Inspectie voor de Gezondheidszorg


Veilig melden in de gezondheidszorg

Toespraak van prof. dr. Gerrit van der Wal, inspecteur-generaal voor de gezondheidszorg, tijdens de jaarvergadering van de Vereniging voor Gezondheidsrecht op 18 april 2008

Ik ben zeer vereerd dat ik de derde Henk Leenen lezing mag uitspreken. Vereerd omdat Henk een origineel denker was en grondlegger van het gezondheidsrecht. Maar ook vereerd omdat hij mijn promotor was en daarna een persoonlijke vriend is geworden. Ik wil het vandaag met u hebben over het veilig melden van incidenten in de gezondheidszorg, en enkele actuele -deels juridische- kwesties daarbij. Ik doe dat wel met mijn inspectie-bril op.

Eén van de speerpunten van de inspectie is dat de gezondheidszorg patiëntveiliger wordt. Mede door het toedoen van de inspectie is in diverse sectoren van de gezondheidszorg een veiligheidsprogramma gestart. In de ziekenhuizen heet dit `voorkom schade, werk veilig'. Zo hebben alle veldpartijen in de ziekenhuissector in juni van vorig jaar tegenover de minister en de inspectie de ambitie uitgesproken de potentieel vermijdbare doden en schade de komende vijf jaar met 50 procent terug te dringen. De inspectie zal er op toezien dat die ambitie gehaald wordt.

Dat veiligheidsprogramma bestaat onder meer uit een aantal structurele maatregelen om de risico's op onveilige zorg zoveel mogelijk te beperken, het zogenaamd veiligheidsmanagementsysteem, het VMS, dat dít jaar al moet zijn ingevoerd. Daarin is niet alleen opgenomen een deelsysteem waarbinnen een analyse van de meest risicovolle processen plaats vindt (vooraf dus) maar ook een deelsysteem waarbinnen incidenten veilig kunnen worden gemeld en geanalyseerd (achteraf dus).

Veilig Incident Melden (VIM) is op dit moment onderwerp van veel discussie. Een discussie die gevoed wordt door gebeurtenissen die - moet ik zeggen - tot mijn spijt en ook wel bezorgdheid het systeem van Veilig Incident Melden dreigen te ondergraven.

De Rechtbank in Zwolle oordeelde in december 2007 dat een familie het recht had om een verslag van de Meldingen Incidenten Patiënten (MIP)-commissie in te zien. Er zijn diverse aanwijzingen dat als gevolg van deze uitspraak er veel minder meldingen binnenkomen. Dat is ernstig omdat, wil men de patiëntveiligheid verbeteren, het onder meer van belang is incidenten te melden en te analyseren, en zo nodig en zo mogelijk naar aanleiding daarvan verbetermaatregelen te treffen. Een incident is dan iedere onbedoelde gebeurtenis die geleid heeft of had kunnen leiden tot schade aan een patiënt.

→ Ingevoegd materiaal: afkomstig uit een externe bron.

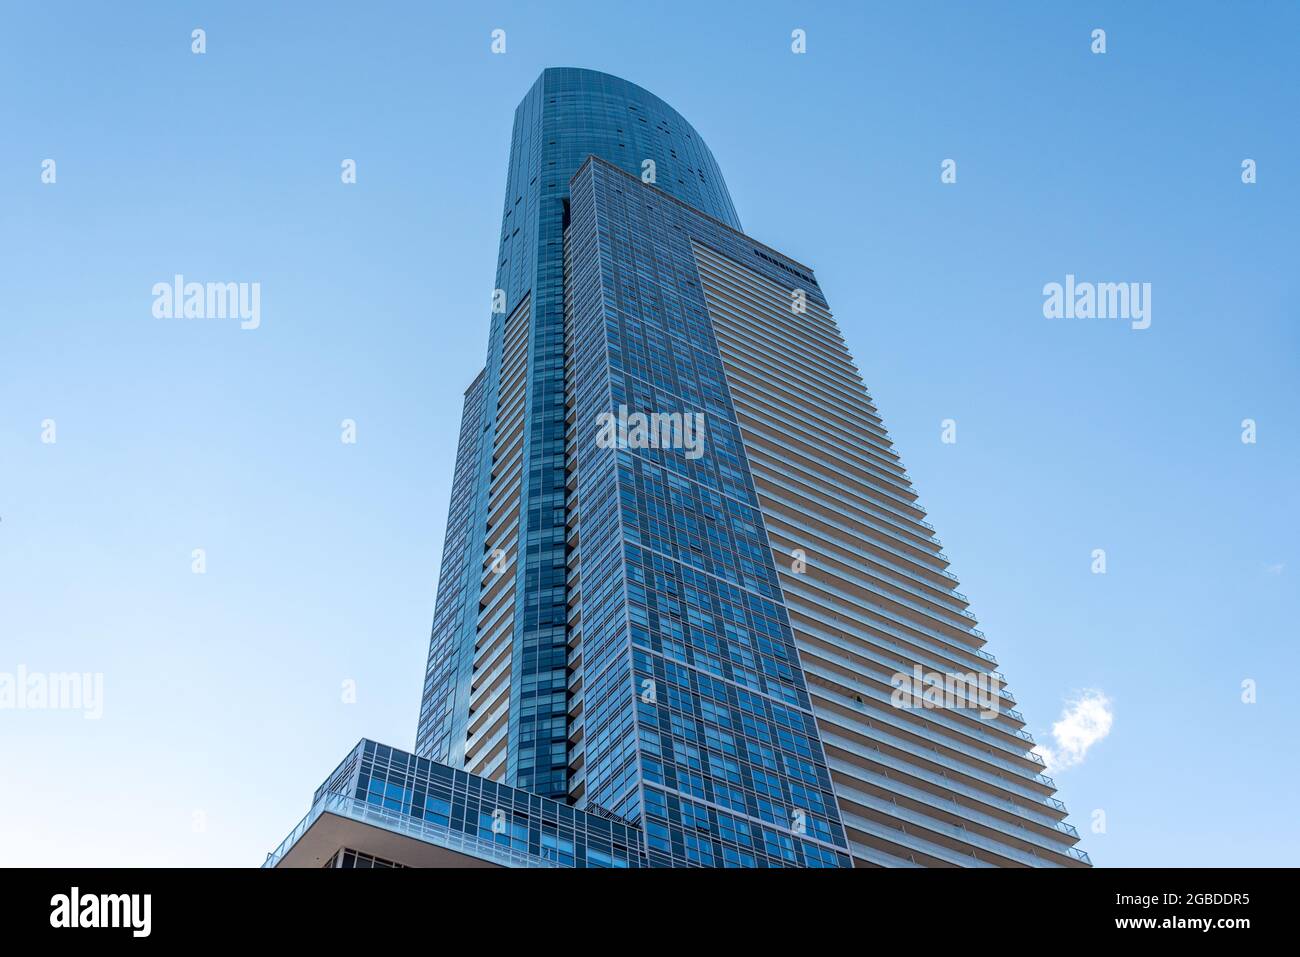 Bâtiment aura. Résumé de l'architecture moderne dans les gratte-ciel du quartier du centre-ville de Toronto, Canada Banque D'Images

Het is niet de bedoeling om maatregelen te treffen tegen de individuele melder, want men moet er nooit bang voor hoeven te zijn dat een melding binnen het VIM-systeem arbeidsrechtelijke, tuchtrechtrechtelijke of strafrechtelijke consequenties kan hebben. Het systeem moet dus 100 % veilig zijn, eenvoudigweg omdat de meldingsbereidheid anders zal afnemen.

Het vraagstuk van gebrekkige meldingsbereidheid en het daadwerkelijk onderrapporteren van incidenten in de praktijk is overigens niet nieuw. Het bestaat al zo lang er Meldingen Incidenten Patiëntenzorg (MIP)-/Fouten Ongevallen en Near Accidents (FONA)- en Fouten Ongevallen en Bijna Ongelukken (FOBO)-commissies zijn -dus al enkele decennia. Deze commissies kenden en kennen een suboptimaal rendement, om diverse redenen, zoals onvoldoende en te late terugkoppeling naar de melder, een te grote afstand van de commissie tot de werkvloer, onvoldoende vertaling van de analyses in verbetermaatregelen, en ook onvoldoende vertrouwen in de veiligheid van de procedure voor de melder.

Met de toenemende belangstelling voor patiëntveiligheid kwam enkele jaren geleden het concept van `veilig incidenten melden' (ook in het buitenland -blame free reporting) in de belangstelling (opnieuw); vaak (maar niet noodzakelijk) gecombineerd met zgn `decentraal melden' bij commissies die op de werkvloer/afdeling de meldingen met snelle terugkoppeling afhandelen. Tegenwoordig is een VIM-procedure een van de kernonderdelen van het al eerder door mij genoemde Veiligheids Management Systeem (VMS). Een functionerende VIM-procedure komt er dus meer dan ooit op aan. Daarom is er ook veel debat over de vraag hoe een dergelijke procedure daadwerkelijk veilig te maken.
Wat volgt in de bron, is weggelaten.